As I said, Gluten is made up of two proteins Glutenin and Gliadin. Gliadin is responsible for the immune response. Gliadin is a prolamin which is a plant storage protein high in Amino-acids. it is important to know that Amino acid gives the protein its structure and store nutrients. The body normally has specialized cells that break down protein into single amino acids but with Gluten in the body, the amino acid in Gliadin is not broken down properly. It is broken down into peptides which then pass through the gut cell, causing the immune system to read it as an invader into the body. This causes the production of antibodies that will attack the protein. In the process of attacking the protein, it attacks the villi of the small intestine as a result of the Gliadin reacting with the Tissue Transglutaminase Enzyme (TTE). The antibodies produced to attack Gliadin are Antibody IgA, Tissue transglutaminase, antibody TTG, and Endomysial antibodies (EMAs).

Patients with Celiac disease are unable to absorb nutrients since the fingerlike projections in the intestine known as the villi have been destroyed. This villus is surrounded by blood vessels and they have enterocytes which aid in absorption and digestion. Patients with Celiac disease will show certain signs and symptoms which would include mouth ulcer, anemia which would occur as a result of the body being unable to absorb the vitamins needed in creating RBC, lactose intolerance, Nausea and Vomiting, Osteo Changes, Slow Growth, Rashes (Dermatitis Herpetiformis), Irregular menstrual period, irritability, Greasy and Odourous Stool, Hair loss, Enamel changes showing brown or yellow spots or deformed enamel, and Diarrhea.

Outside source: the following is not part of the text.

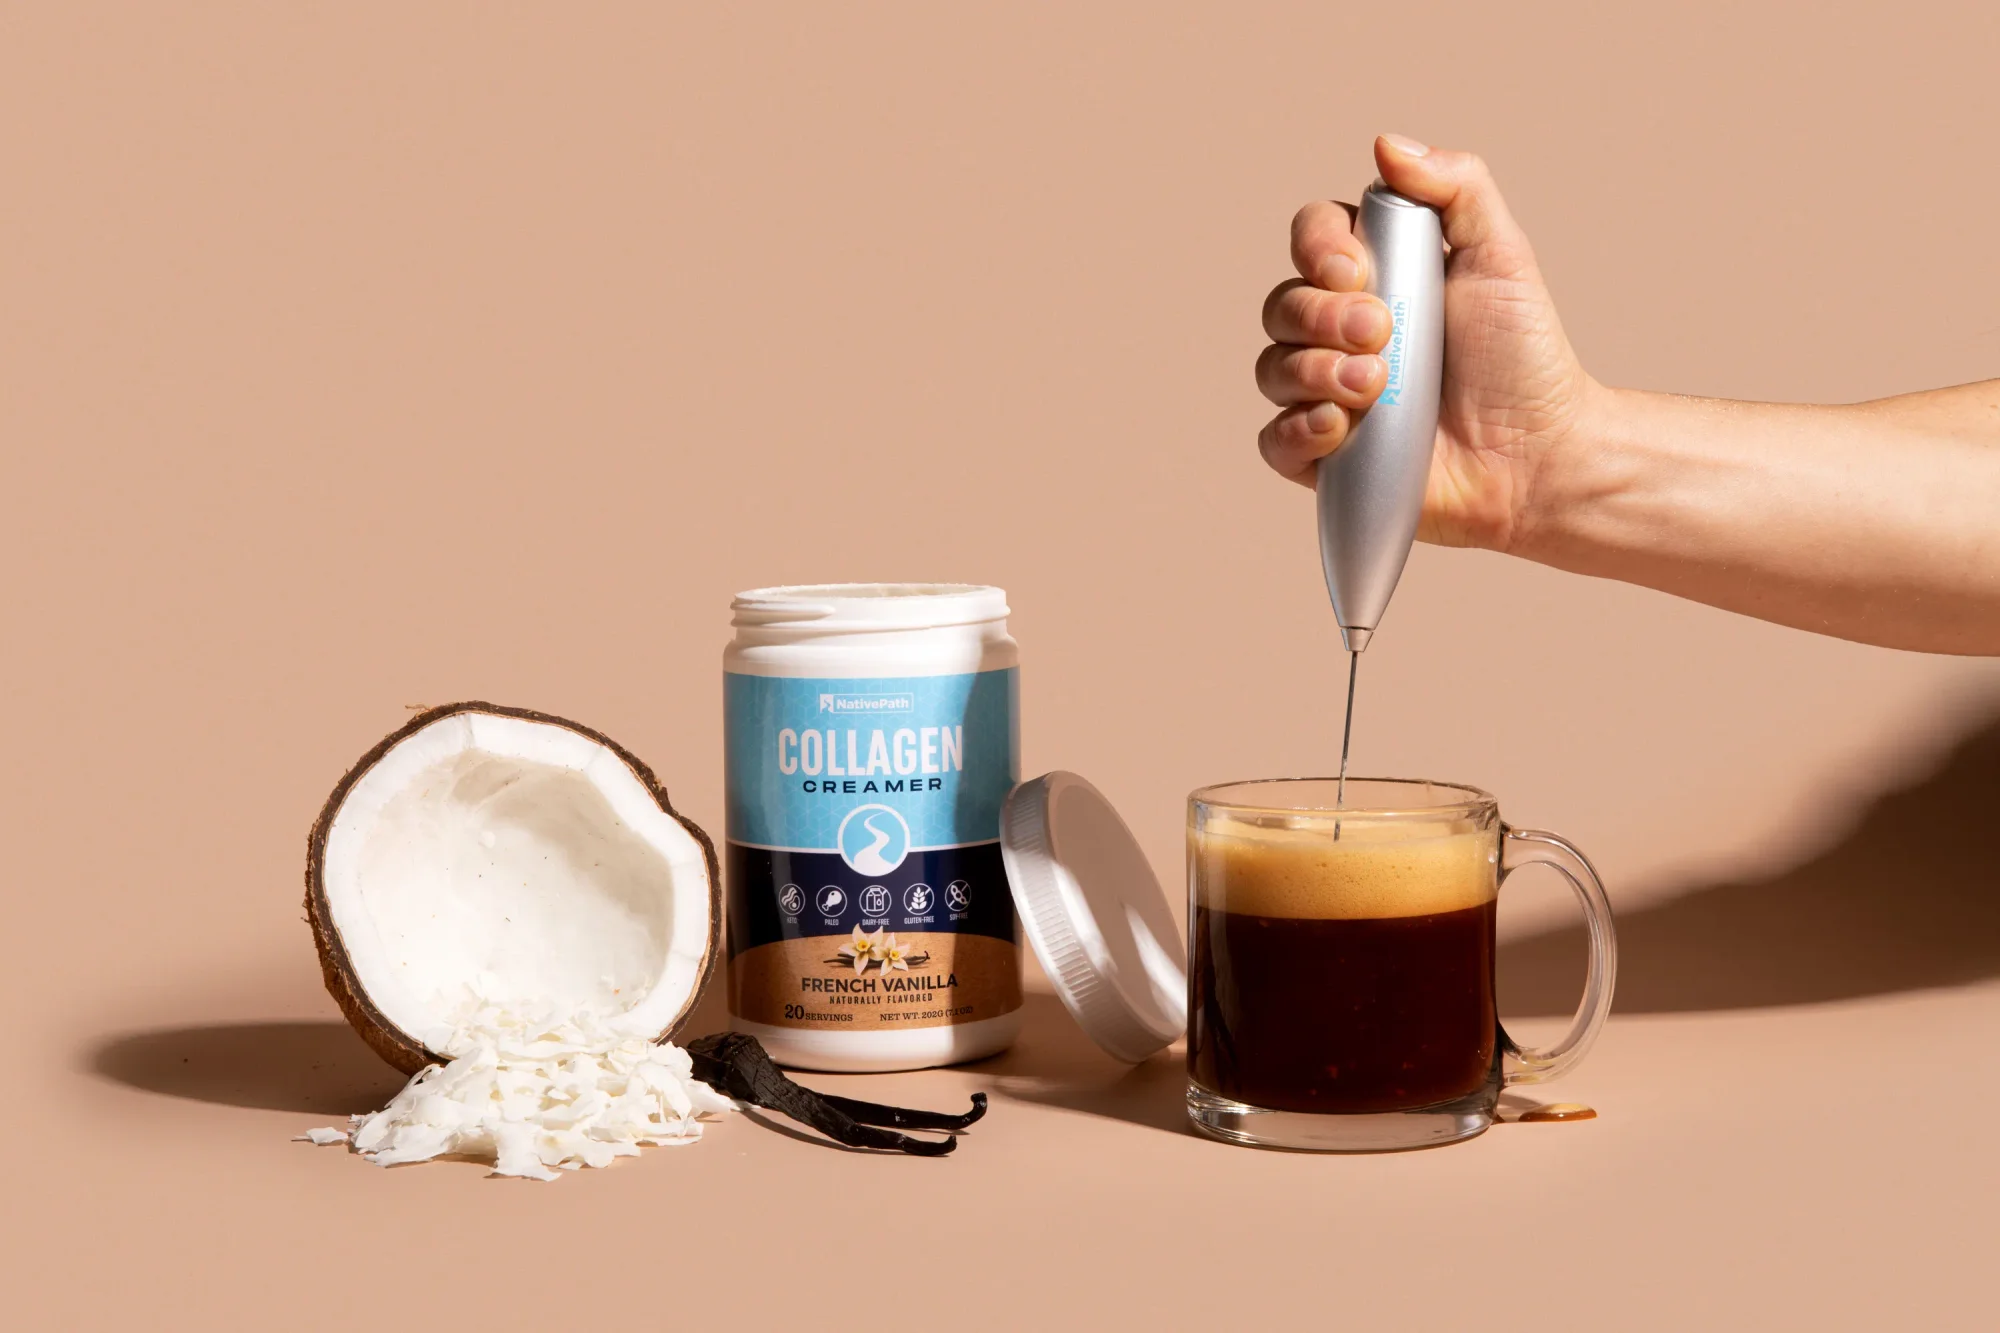 Hand frothing a scoop of NativePath Collagen Creamer in a clear cup of black coffee. Collagen creamer jar next to mug with vanilla bean and a halved coconut next to it.

Diagnosis of Celiac will include a blood test to check for the antibodies produced to fight the Gliadin. These tests would include an IgA Serum test, Anti TTG or EMA to check for the antibodies. An Endoscopy can be done, and a Biopsy of the Villi can be done. Patients with Celiac disease are prone to other forms of autoimmune diseases such as autoimmune hepatitis, thyroid disease, type 1 diabetes, primary biliary cirrhosis, and primary sclerosis cholangitis. Patients with Celiac disease can also have complications such as Lymphoma, and they can have refractory celiac disease. The investigation should be carried out when the patient still has gluten content in their intestine or it might be impossible to detect the antibodies being activated to fight Gliadin. Treatment of Celiac disease is basically quitting Gluten food and following a lifelong Gluten-free diet.

Conclusion

Patients with Celiac disease that begin to eat gluten food after beginning treatment will experience a relapse. Celiac doesn't really have a cure gut rather patients just have to stop eating gluten food. Celiac disease can be genetic but that doesn't mean that people who do not have a family history of celiac disease can't get Celiac. Once the antibodies are released to tackle Gliadin, then patients have a high risk of Celiac disease.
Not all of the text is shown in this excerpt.